Настасья, неузнаваемо изменившаяся за эту ночь, охрипшая от рева и совсем потерявшаяся, вышла во двор без платка, накинув на плечи чью-то поддевку. Волосы ее оставались неприбранными, и теперь, при свете дня, люди посматривали на нее с состраданием, видя, что серебристый иней прикипел к ним навечно.

— Все, что ль, простились? — спросил дед Михайла, обводя столпившихся вокруг саней мужиков и баб слепым взглядом.

— Все, батюшка, все. Пущай едут, — заторопила Дарья. Она совсем не походила на ту сочную, крепкую, пышущую здоровьем бабу, какой была два дня назад.

— Ну, с богом! — благословил дед.

14

А Кирилл Дуранов, придя домой, не раздеваясь и даже не сняв шапку, сел за стол, потребовал у Василисы выпить и закусить.

Василиса по многим приметам догадывалась отчего случился у соседей пожар, но знать этого наверняка не могла: не посвящал ее муж в такие дела. Она слышала крик Настасьи, видела пламя над задним двором у Рословых и побаивалась, как бы не перекинулось оно к ним, Дурановым. Но погода стояла безветренная, и опасения оказались зряшными.

— Чего у их сгорело-то? — робко спросила Василиса, проворно собирая на стол.

Кирилл вместо ответа налил полный стакан водки, опрокинул его в рот — не поморщился, не крякнул, не закусил — как воду. И опять углубился в думы. Редко постигали его неудачи в таких делах. А тут вышел совсем пустой номер, только шуму наделали. И ведь как все просто казалось, убедительно: пожар, хозяева шалеют с перепугу, рубят повода, снимают эти чертовы цепи, выгоняют лошадей на улицу — лови их и веди куда надо.

И на улице ни одна лошадь не оторвалась с привязи — крепко делает кузнец. Но как же случилось, что на каждую свою замашку получил он отмашку? Выходит, что знали Рословы об его намерениях? Но как, откуда? На картах им, что ль, сгадали? Не могли же свои ребята сказать, не в их интересах это. А больше ни единая душа не знала. Или знал кто?

«Землерои!
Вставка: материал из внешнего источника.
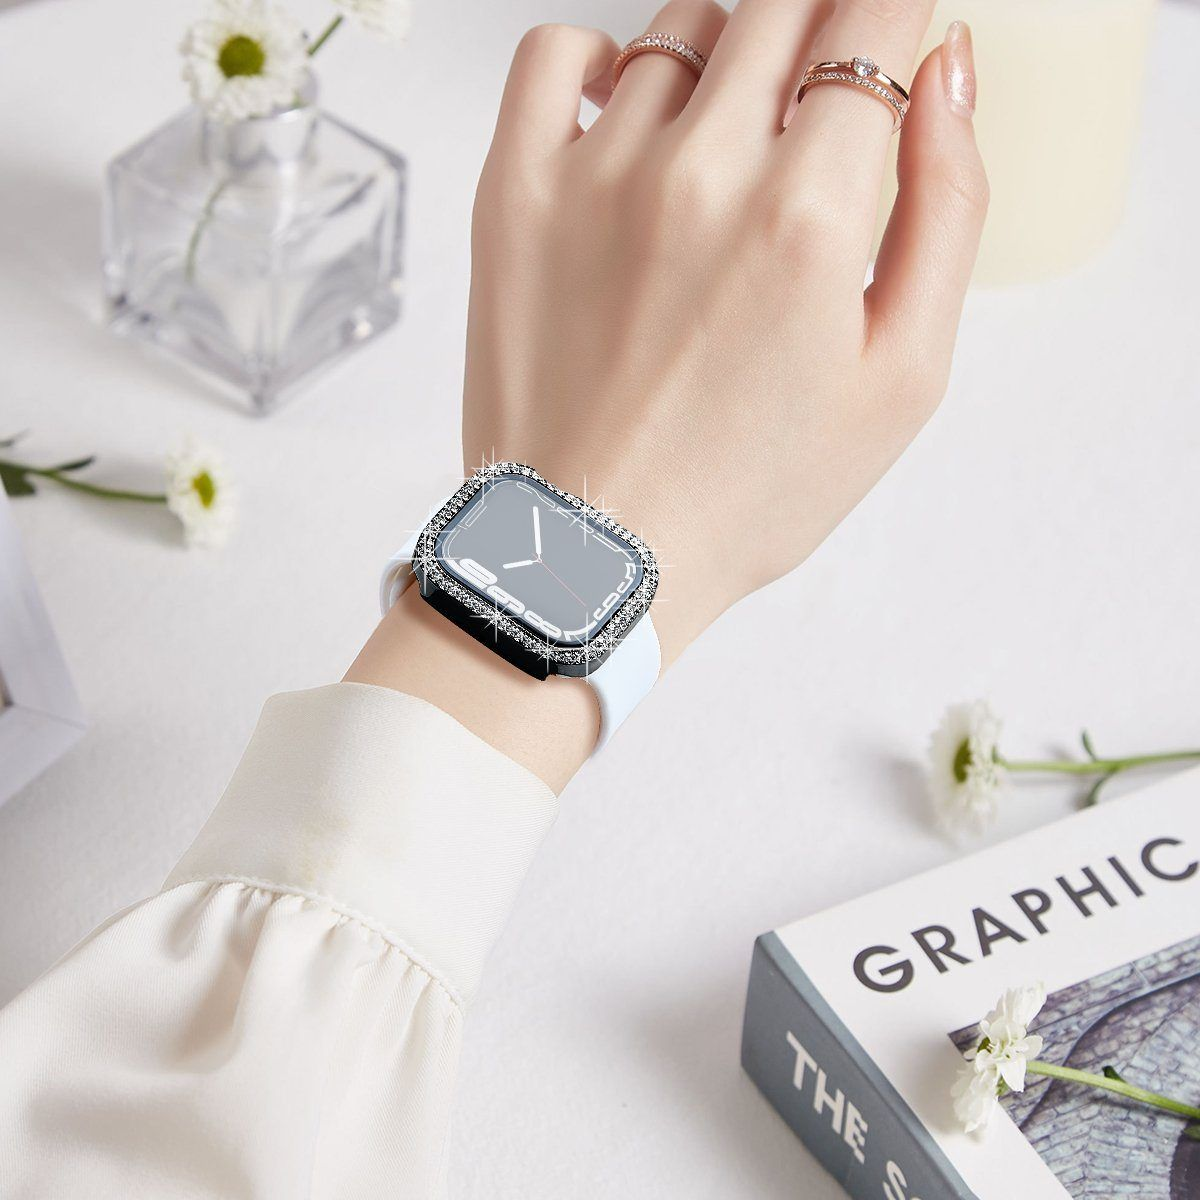 Uhrengehäuse(für Watch Smartwatch-Hülle 45MM) 45mm,für watch 8/7/6/5/4/SE Serie Apple Apple Case DIIDA Apple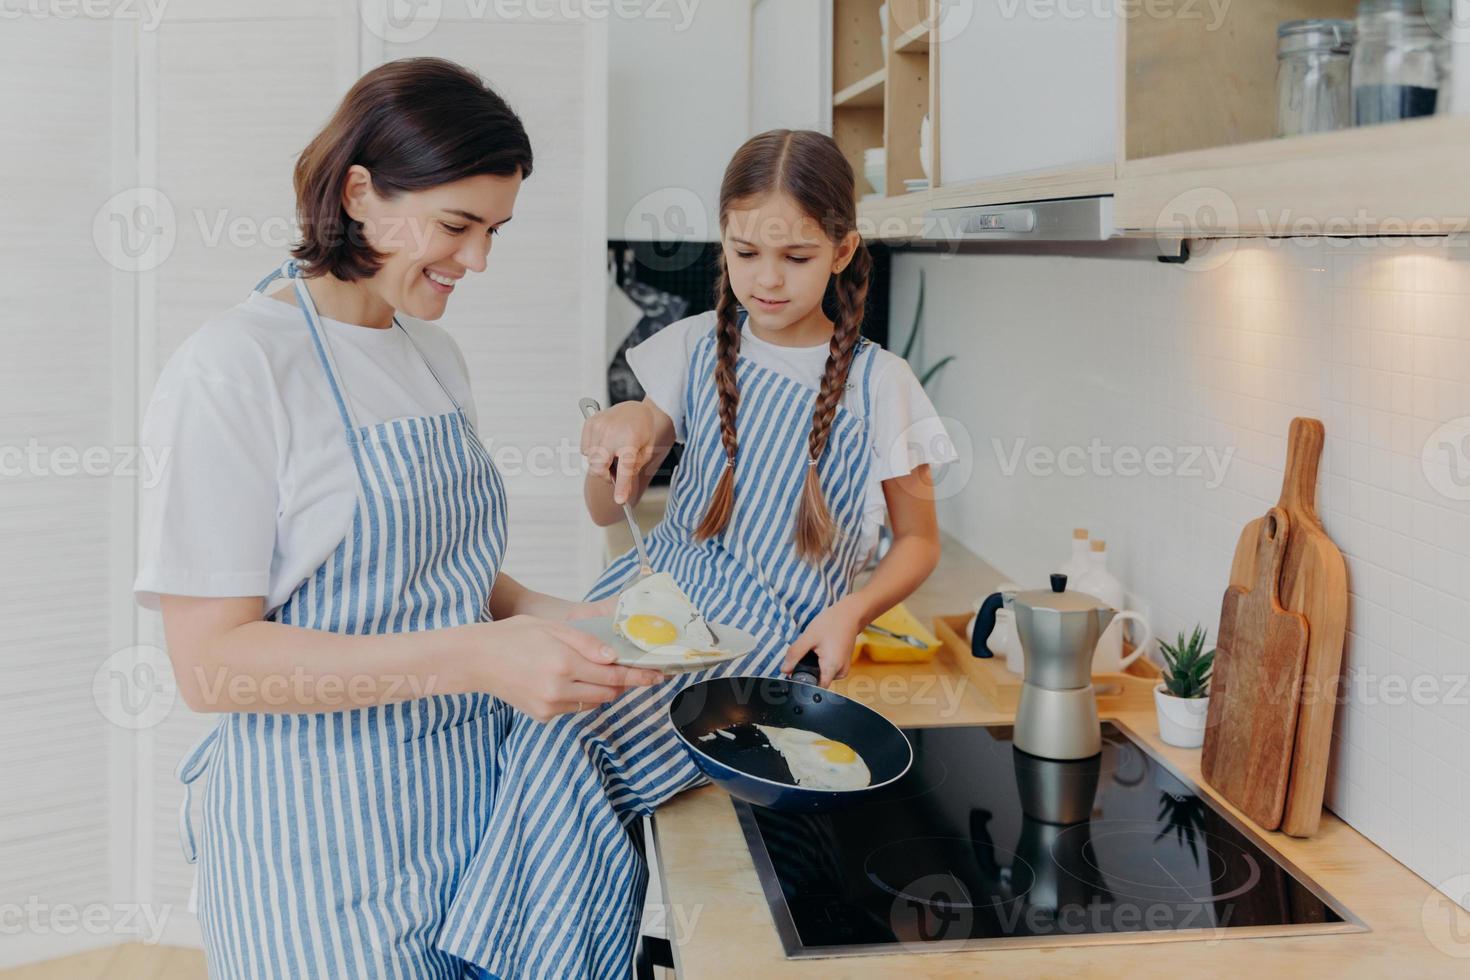 foto van vrolijke drukke moeder en haar dochter poseren bij het fornuis, serveren ontbijt voor het gezin, bakken eieren in de koekenpan, dragen schorten, poseren in de huiselijke keuken. moeder leert kind hoe je een maaltijd gemakkelijk kunt bereiden

Чертомели! — зло думал про мужиков Кирилл Платонович. — Ишь ведь, горбом в люди вылезть норовят! Ха-ха! Да где же вам за целое лето, мурашам, заработать, сколь я за одну ночь урвать могу! И рубаха не сопреет от поту… И ведь еще голос подают, шипят, кроты слепые, черви землеройные! Макар-то как осмелел — чуть вилами не спорол, паршивец!.. А кто ж все-таки оберег-то их, а? Н-ну, погодите вы у меня!»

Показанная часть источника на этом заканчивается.